One of the many ideas I gave to a new client on yesterday’s Marketing Mentor Session was so well received, he suggested I share it with you. He’s a long-time reader, so I took his advice.
The following is a shortened version if the idea, edited to make it of wider relevance then his specific situation.
It starts like this
Every business provides a product or a service.
That product or service solves a problem for the customer.
It creates a change. The customer changes from (something) to (something).
For example.
- From board to entertained.
- From confused to clear.
- From worried to confident.
- From struggling to succeeding.
- From discomfort to comfort.
- From vulnerable to safe.
- From lonely to connected.
- From loss to gain.
- From ignorant to informed.
- From broke to wealthy.
- From stressed to relaxed.
- From lost to guided.
You need to figure out the change your prospective customers are looking for. Their ‘from what’ and their ‘to what’.
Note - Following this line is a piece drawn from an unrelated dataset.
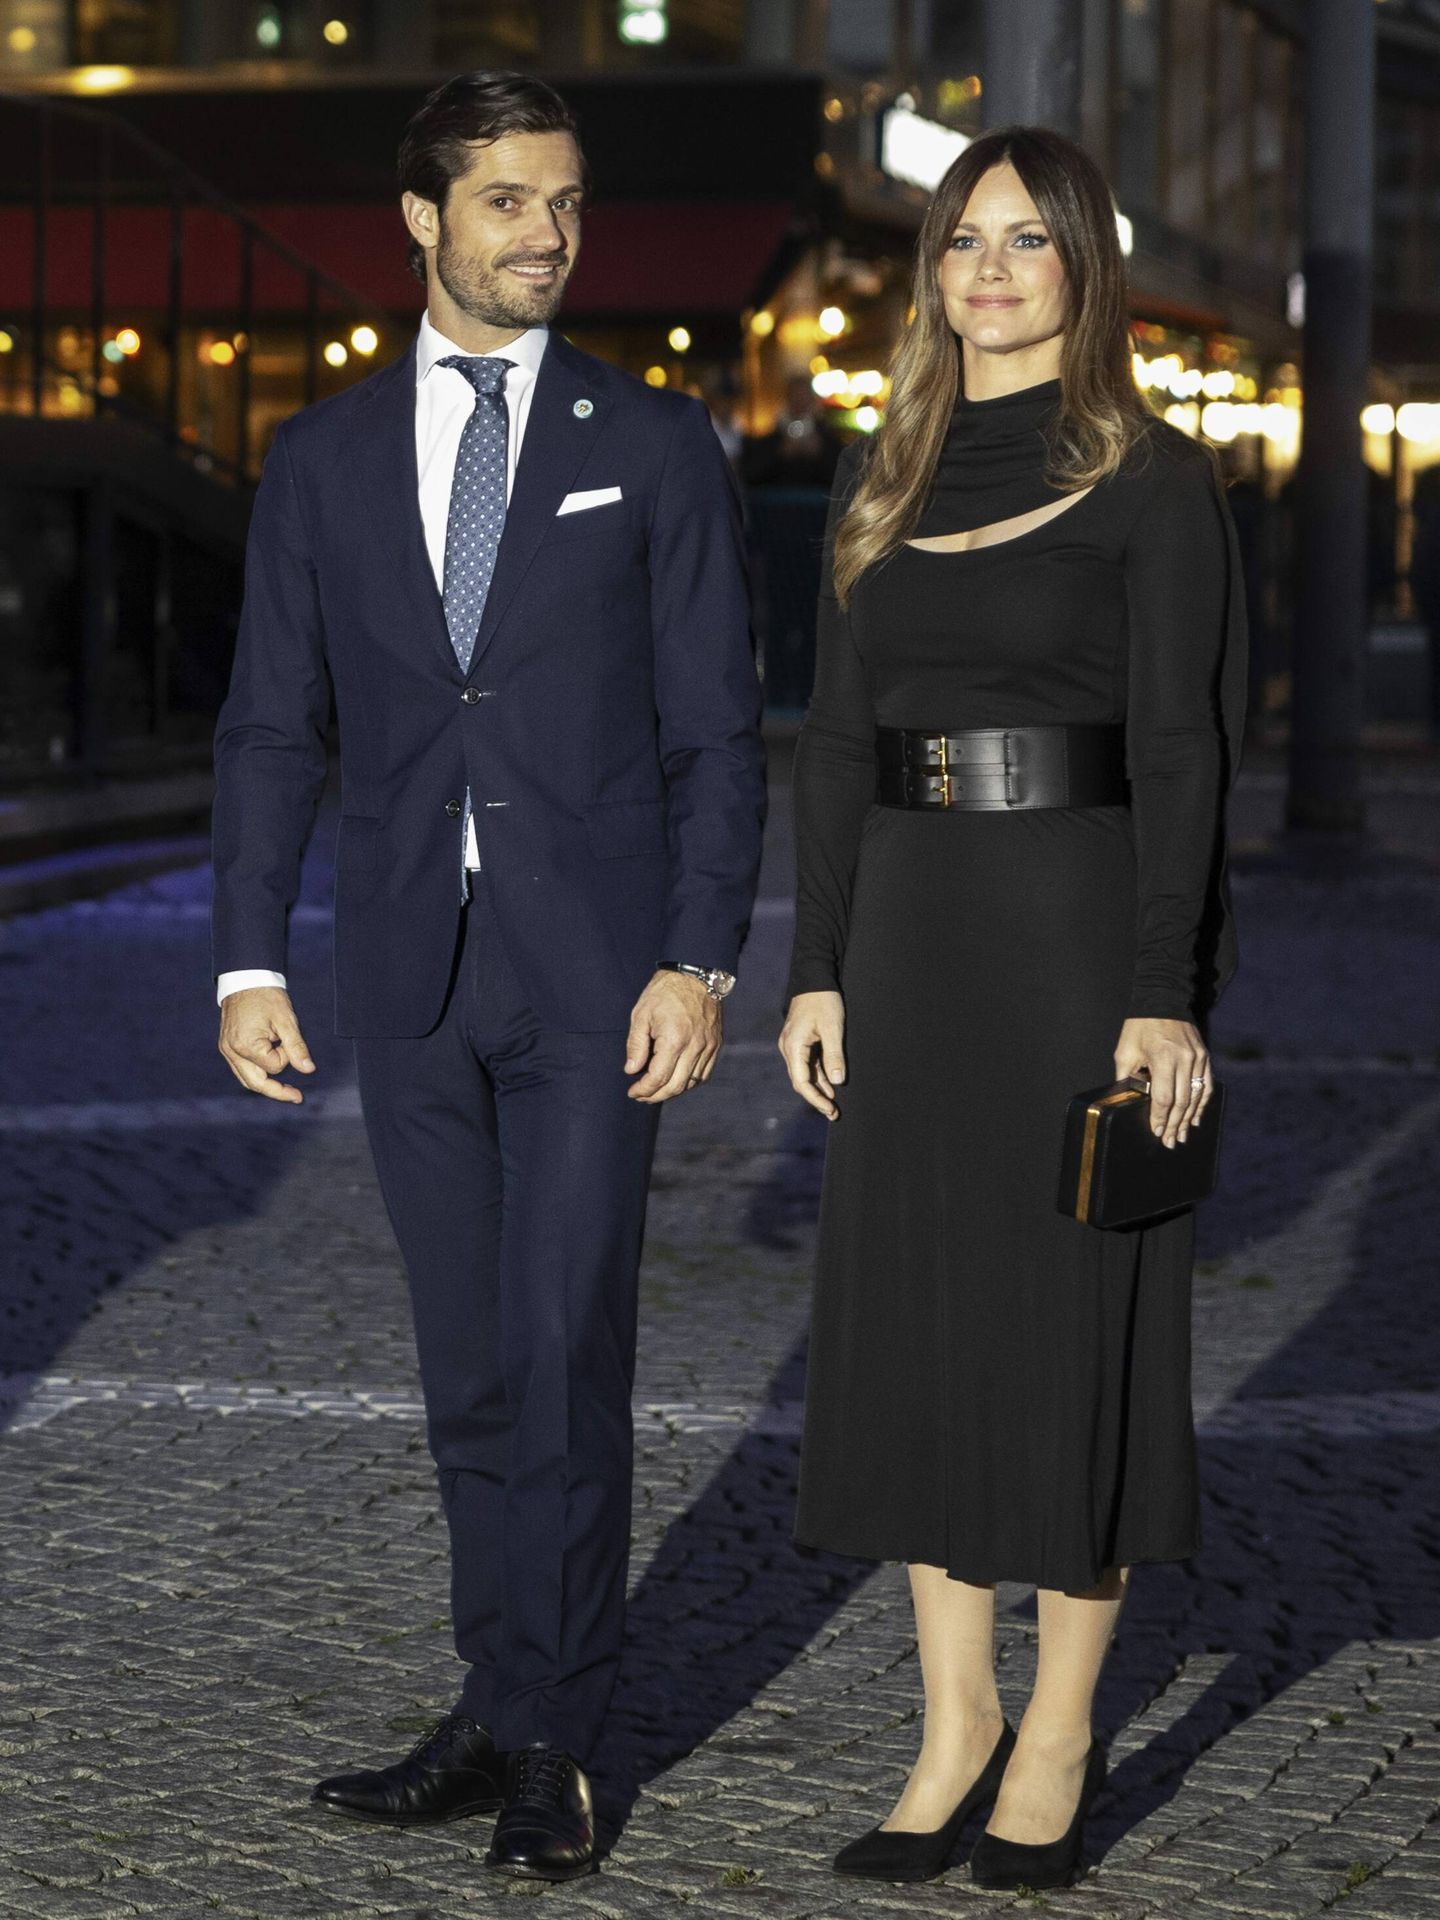 La princesa Sofía, a su llegada al concierto por la noche junto al príncipe Carlos Felipe. (Cordon Press/Nils Petter Nilsson)

Warning: The biggest danger here is believing the answer is obvious.
It usually isn’t!
Seriously.
For instance, the best coffee shops don’t take you from thirsty to quenched.
They change you by creating an attractive atmosphere. An atmosphere, where you can go from stressed to relaxed, or from tired to restored, or from lonely to connected, from stuck to creative or from bored to entertained.
The world’s top coffee shops know this. It’s what their marketing focuses on. It’s why we see very little emphasis placed on the coffee beans used, yet huge emphasis placed on the welcoming, positive atmosphere. The improvement this makes is impossible to overstate.
The world’s most expensive restaurants understand this. They don’t focus on taking you from hungry to full. You can go down the street and get the same number of calories from a burger joint for pennies. Instead, these restaurants focus on their exclusivity. They take you (and your guest) from feeling normal to feeling like a star.
How this relates to your product or service
Determine what change or changes your prospective customer is truly looking for. On the client session, we worked this out together. All I can do here, is ask you to use the coffee shop / restaurant examples as a guide.
Next.
- Focus on the ‘from what’ part. Your marketing message needs to meet them right there. It needs to talk to their current situation. It needs to address the discomfort they’re feeling. This means your message will be on the very same wavelength that they’re on. This dramatically and profoundly increases the sales impact of your marketing.
- Then focus on the ‘to what’ part. Your marketing needs to illustrate how your product or service transitions them to their end point. To the very thing they desire.
I’m not sure how useful that will be, without the conversations and answers around it from yesterday’s client session. However, I believe there’s enough there to at least get you thinking more effectively about the focus of your marketing.